Emma Gibson was one of 54 climate change campaigners who scaled Parliament this month. She spent 28 hours on the roof and another day at Charing Cross police station. Ms Gibson insists having a family is what spurs her on.
The 40-year-old, who has two-year-old twins Frank and Soren and a six-year-old daughter Rosa, said motherhood was "excellent training".
Ms Gibson, who lives with her husband Steve Wheeler in Whitstable, Kent, said: "Having twins changed me enormously. Physically and emotionally it was a very difficult experience. I felt that if I could survive twins, then I could survive anything."
Ms Gibson has worked as a Greenpeace campaigner for 14 years.
The most risky of her many stunts was jumping in the path of a coal freighter on the Medway in June to stop it delivering to Kingsnorth power station in Kent.
Her husband gave up his lecturing job to look after their children.
Reader views (4)
Emma Gibson is a brave and selfless woman trying, in her own way, to save our country and our planet. Good luck to her.
- Jeff Smith, Tooting, London
No, it's her own thinking that does all that.
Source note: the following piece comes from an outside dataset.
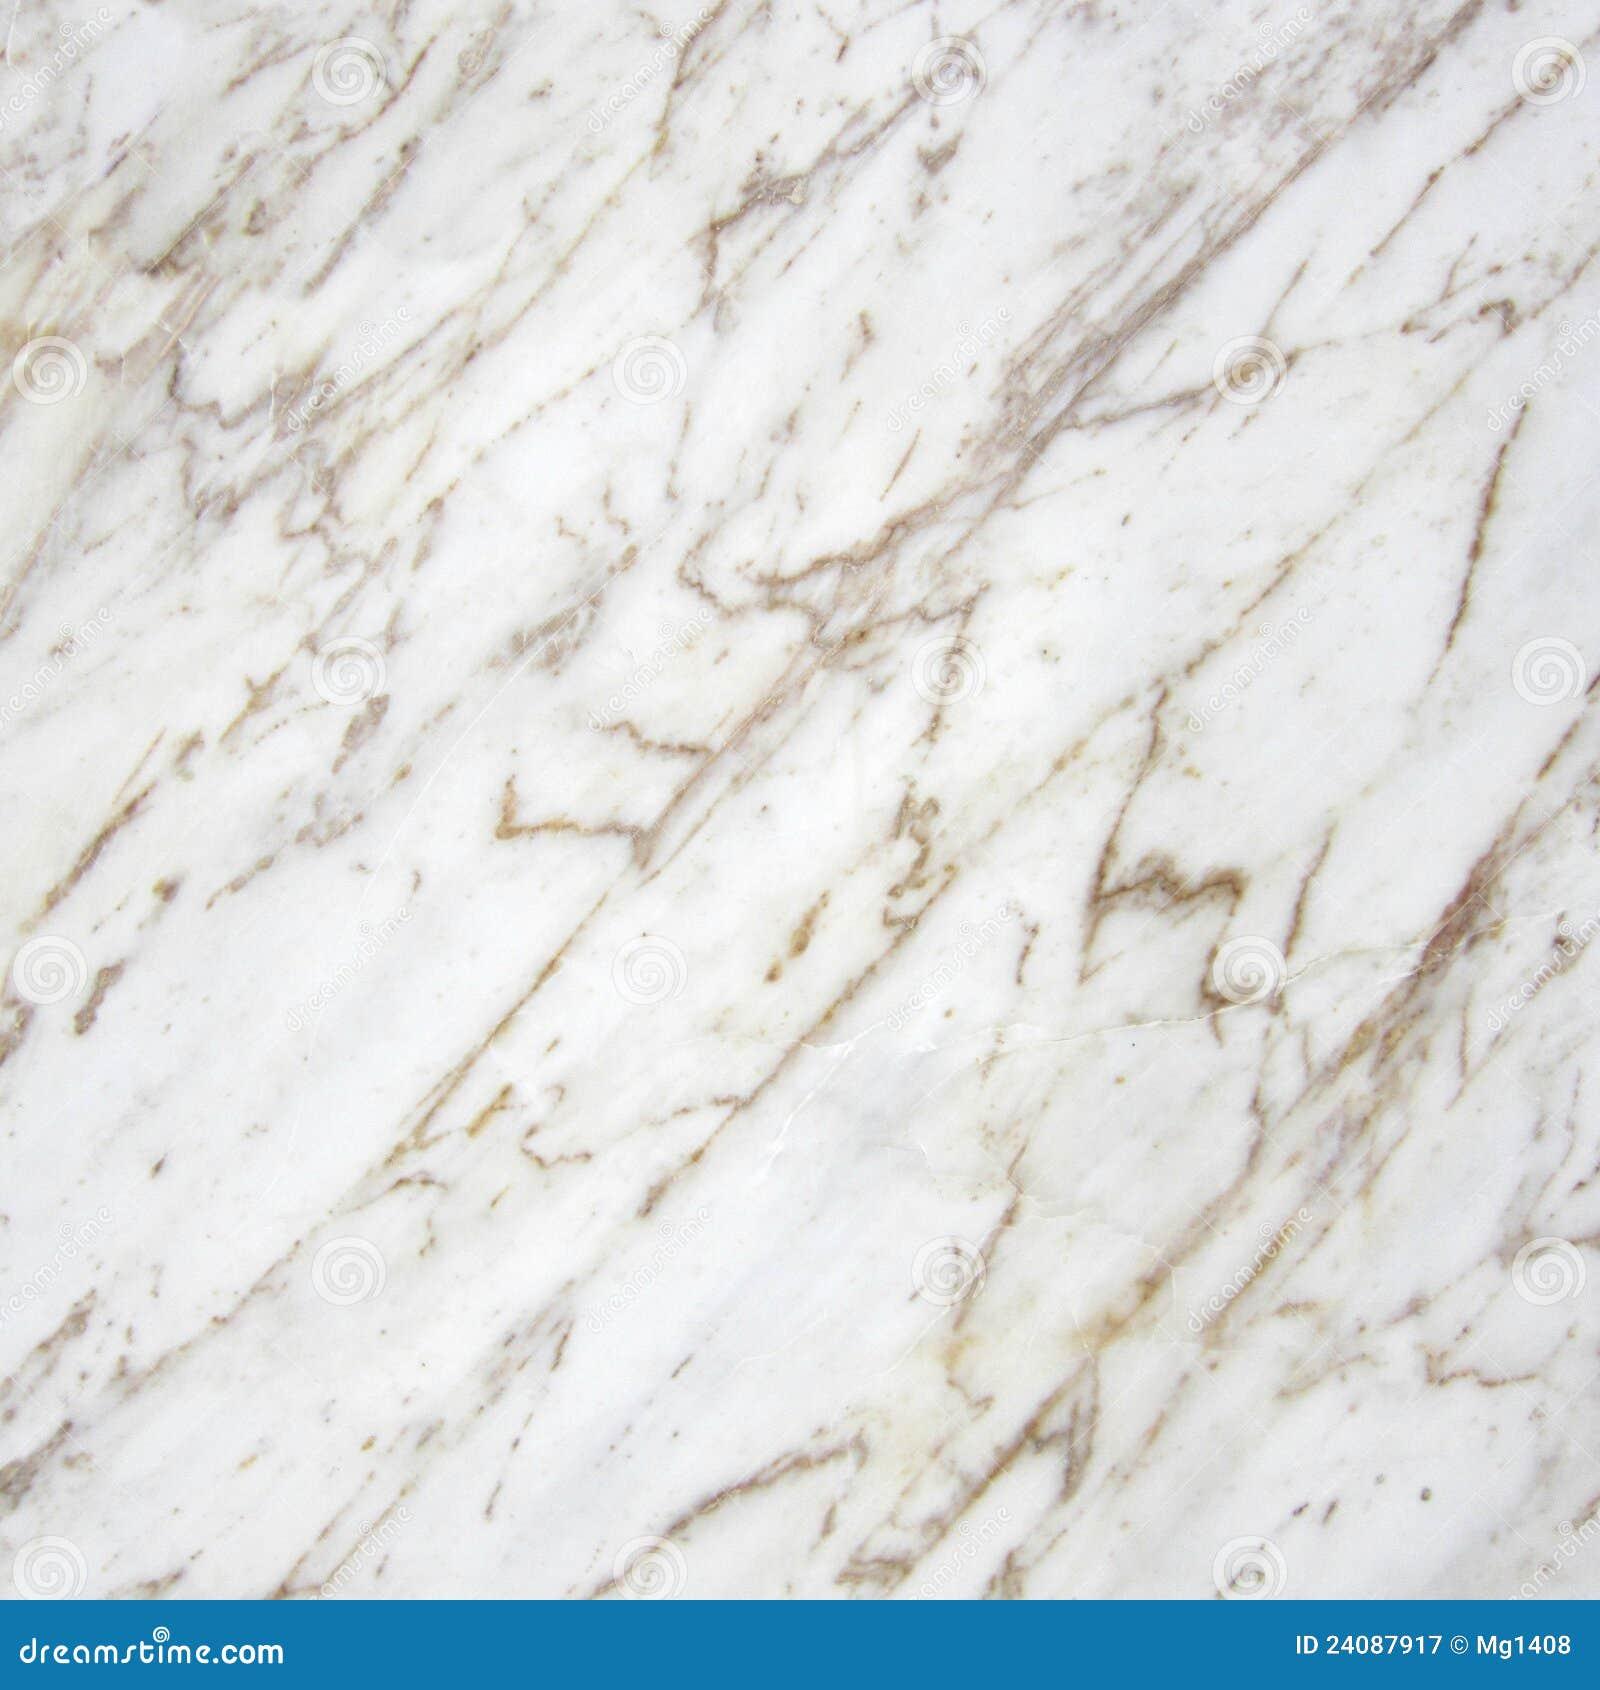 Textura de m rmol de calacata fotograf a de archivo libre for Textura de marmol blanco
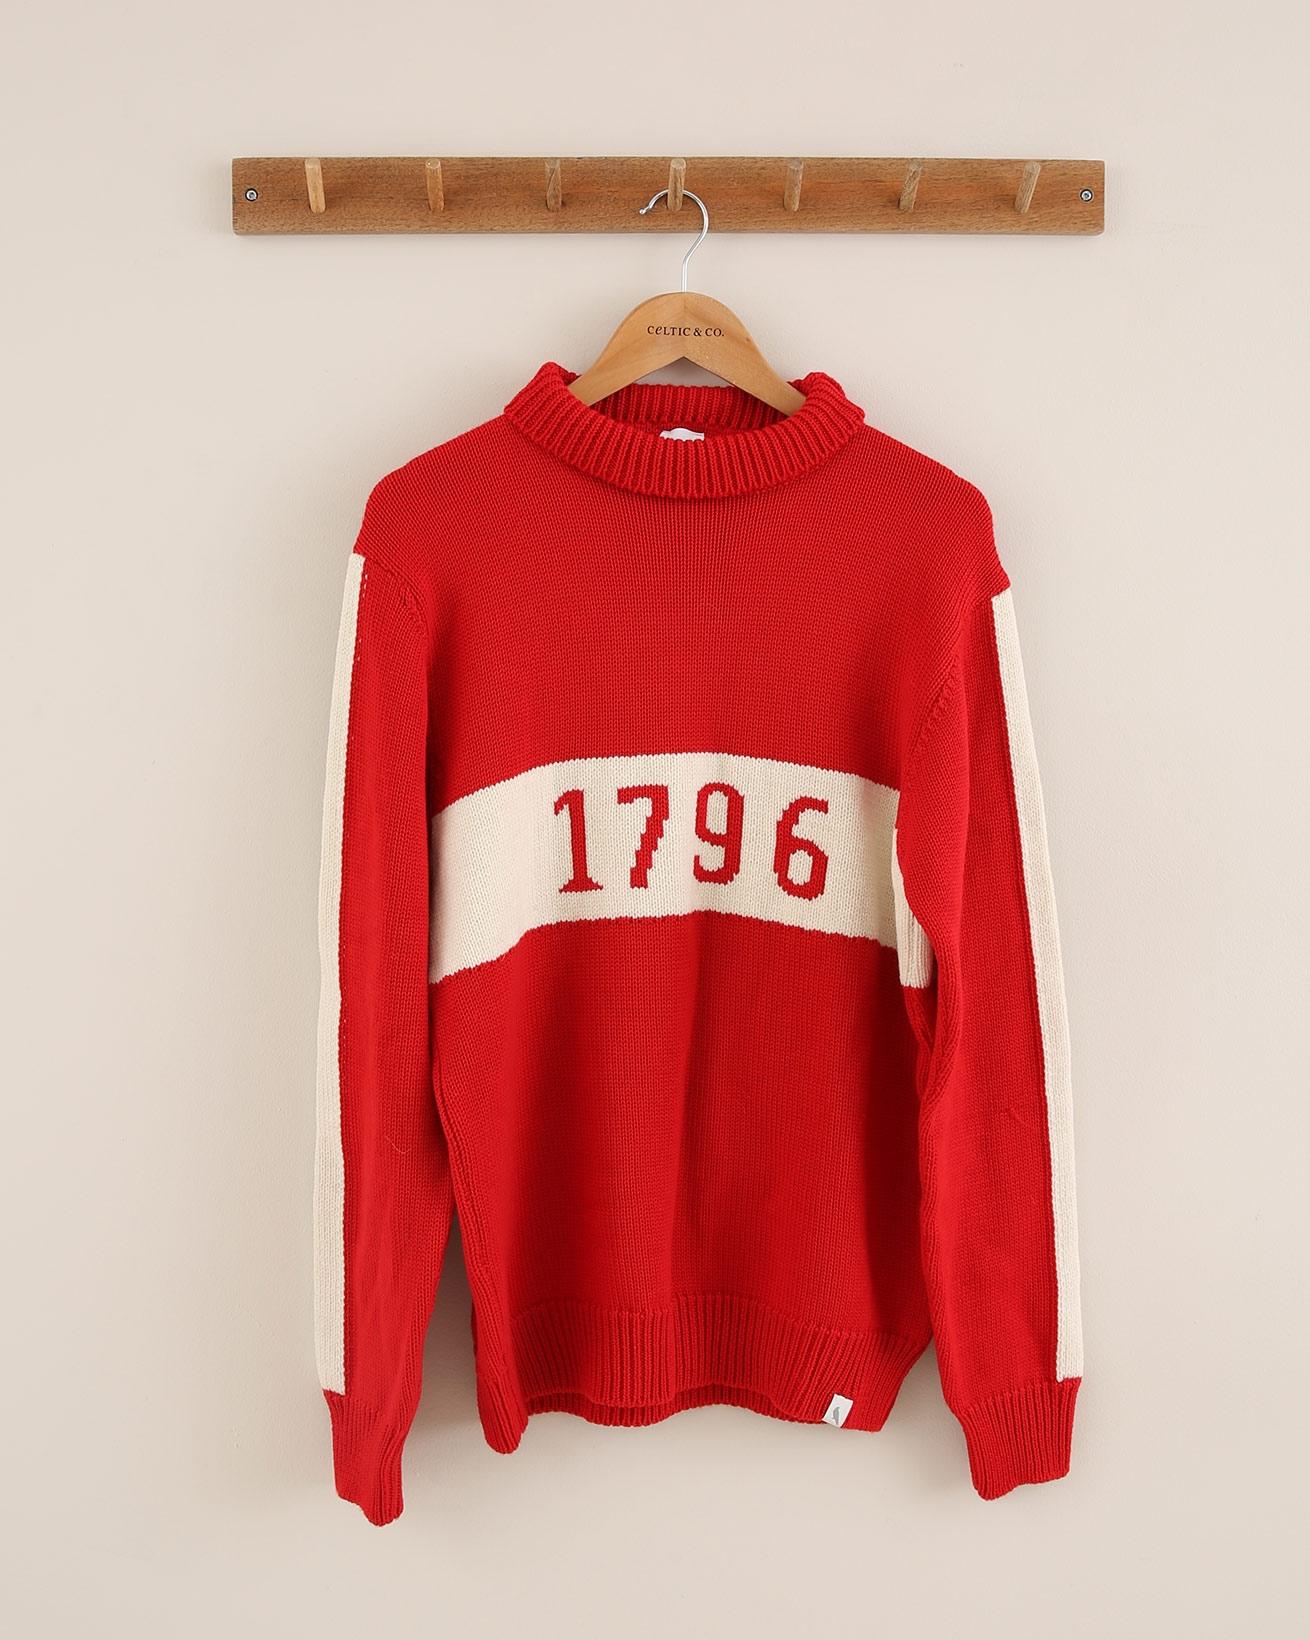 Mens Retro 1796 Jumper  Size Large - Red/Cream - 1800

The children are her excuse for imposing her views on the rest of the world.
As in all things, the answer lays somewhere between the extremes. She sees only the extremes both in consequences, and subsequently in solutions. Muddled thinking, rationalised, is all.
- Rogan, Irving
So nobody in that household is gainfully employed. How is this any different from the feral underclass. Dole bludgers the lot of them. I for one am sick of working b hard to pay exorbitant tax to support the idle, indolent, workshy and fatcat MP's.
- Ethan, UK
Pity the train didn't run her down, on second thoughts, I have no wish to traumatise train drivers with these narrow-minded selfish loonies.